((
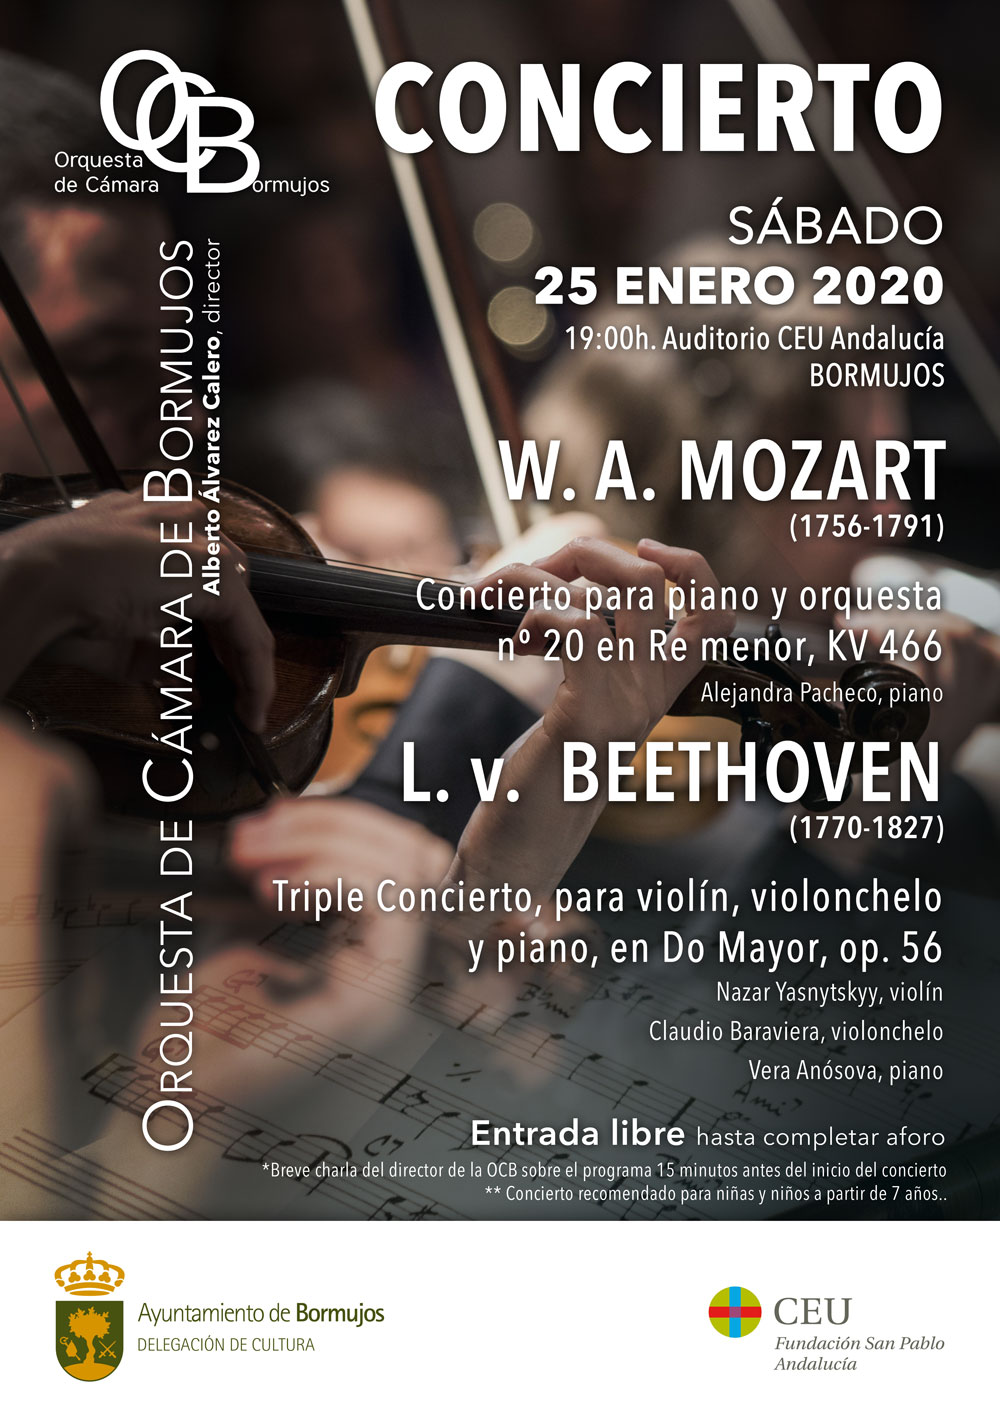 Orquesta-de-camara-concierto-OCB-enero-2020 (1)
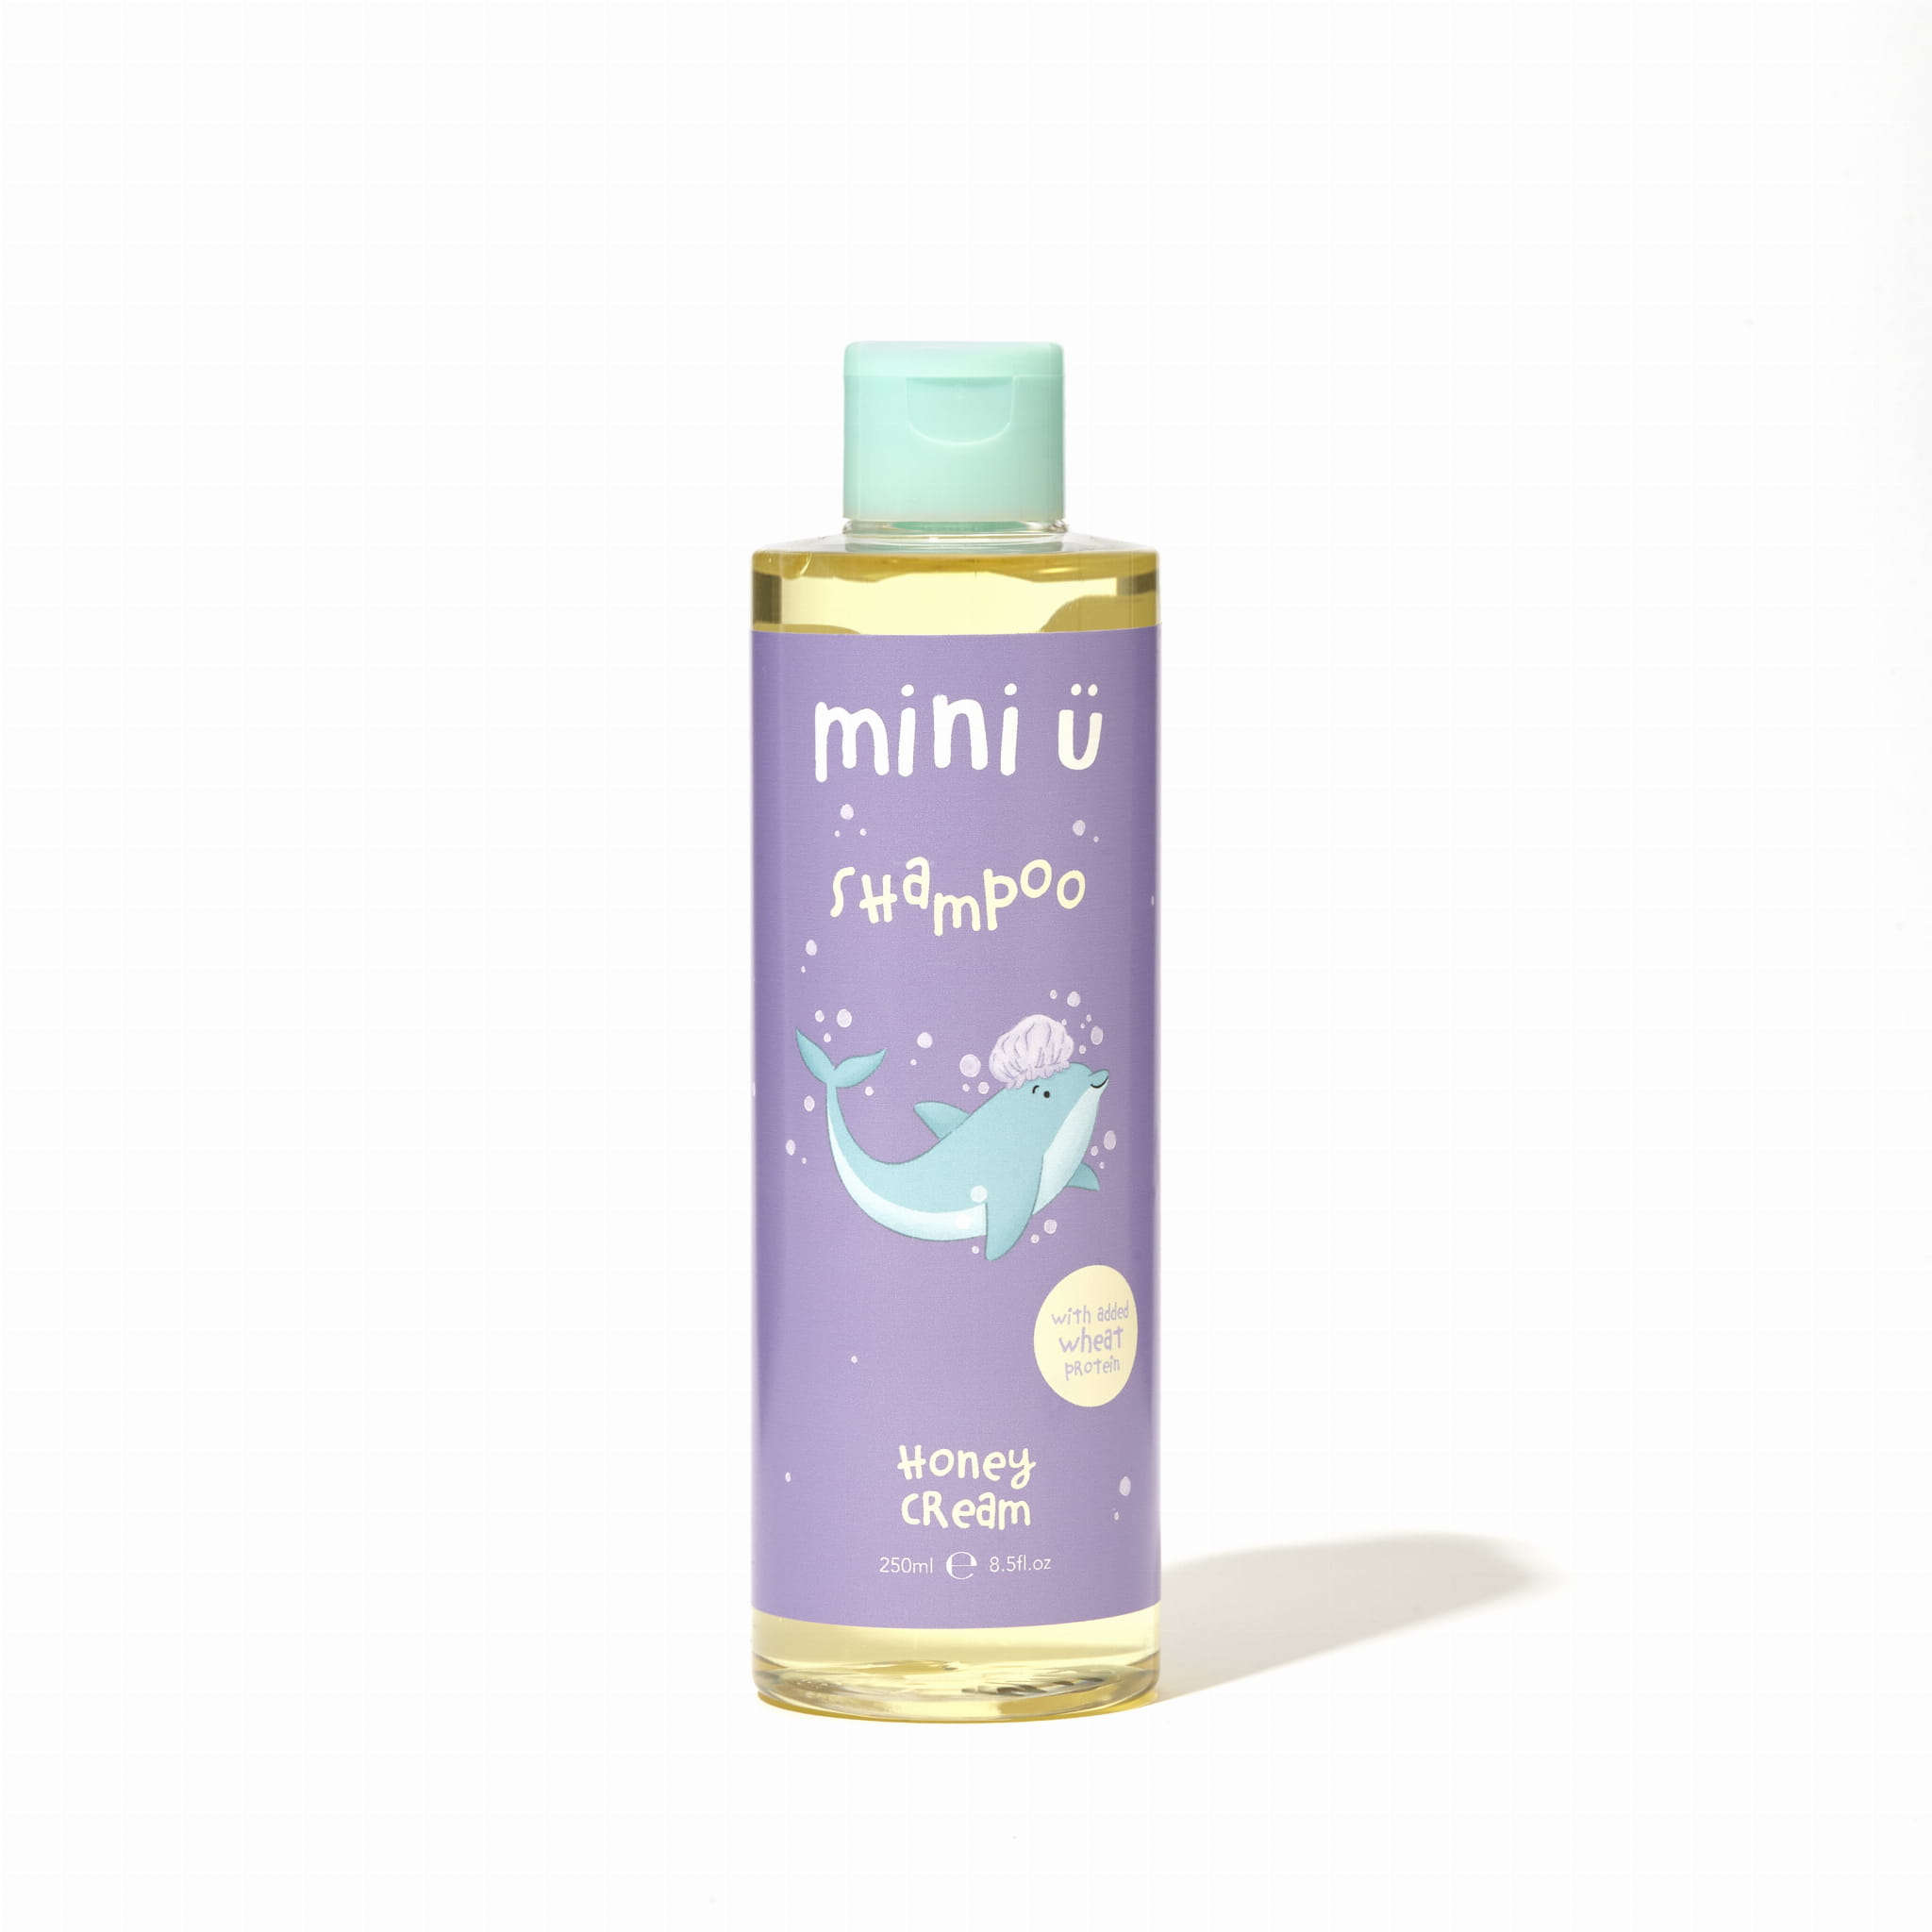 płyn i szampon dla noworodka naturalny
))
((
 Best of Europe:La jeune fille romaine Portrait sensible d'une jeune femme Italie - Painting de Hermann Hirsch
))
((
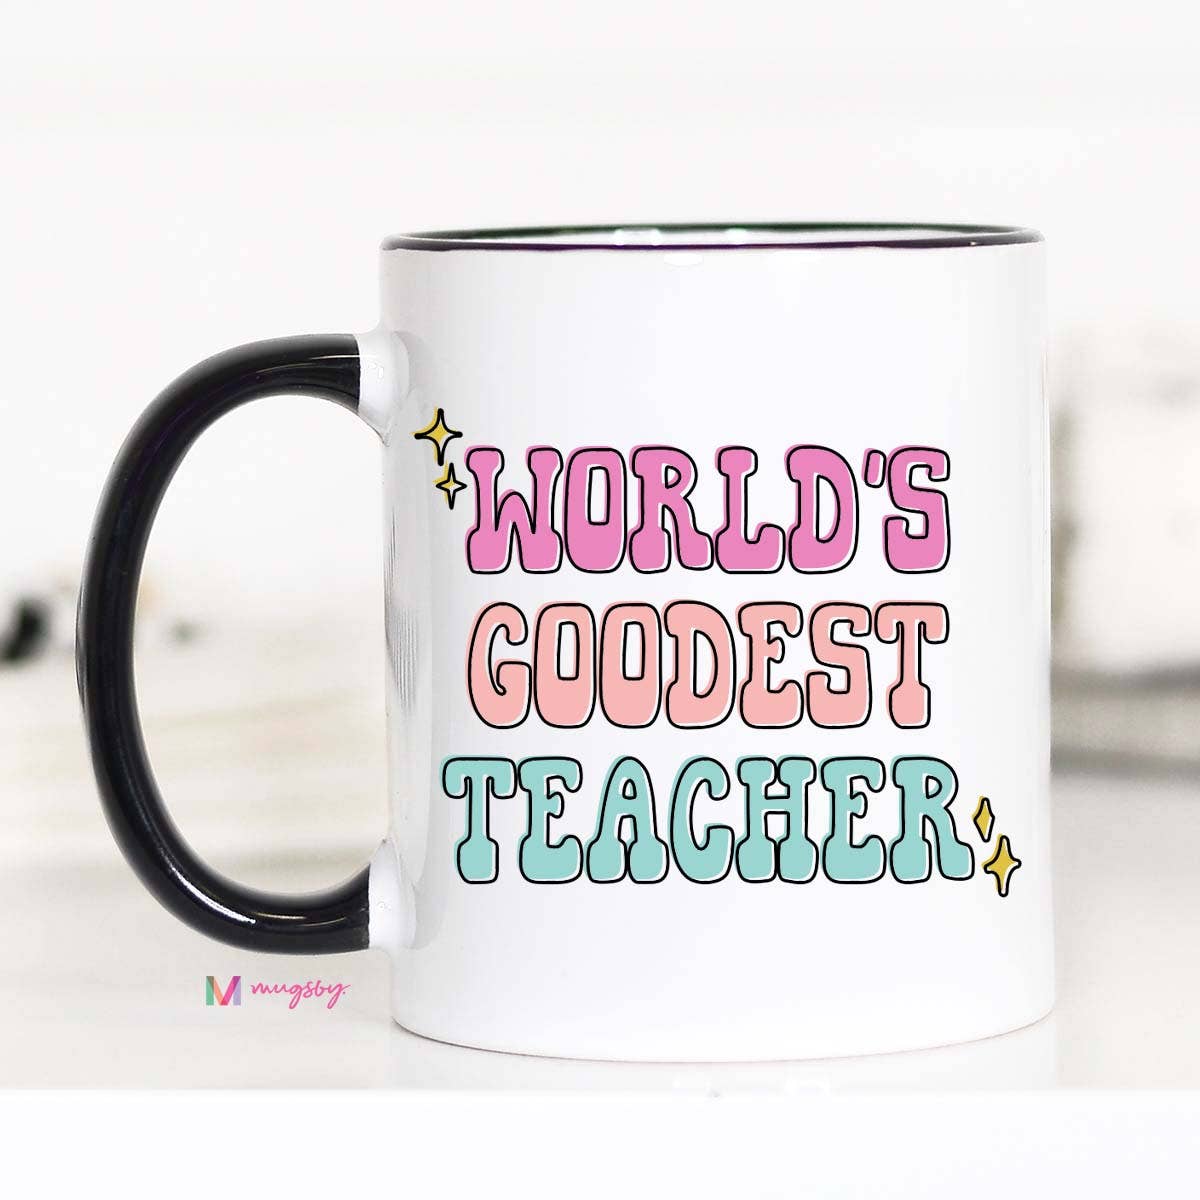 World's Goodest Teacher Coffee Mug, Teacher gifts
))
When you reach the line with "Orquesta-de-camara-concierto-OCB-enero-2020 (1)" in the records above, begin repeating the lines exactly, and stop after the line with "płyn i szampon dla noworodka naturalny". Skip all pictures.

 Orquesta-de-camara-concierto-OCB-enero-2020 (1)
 płyn i szampon dla noworodka naturalny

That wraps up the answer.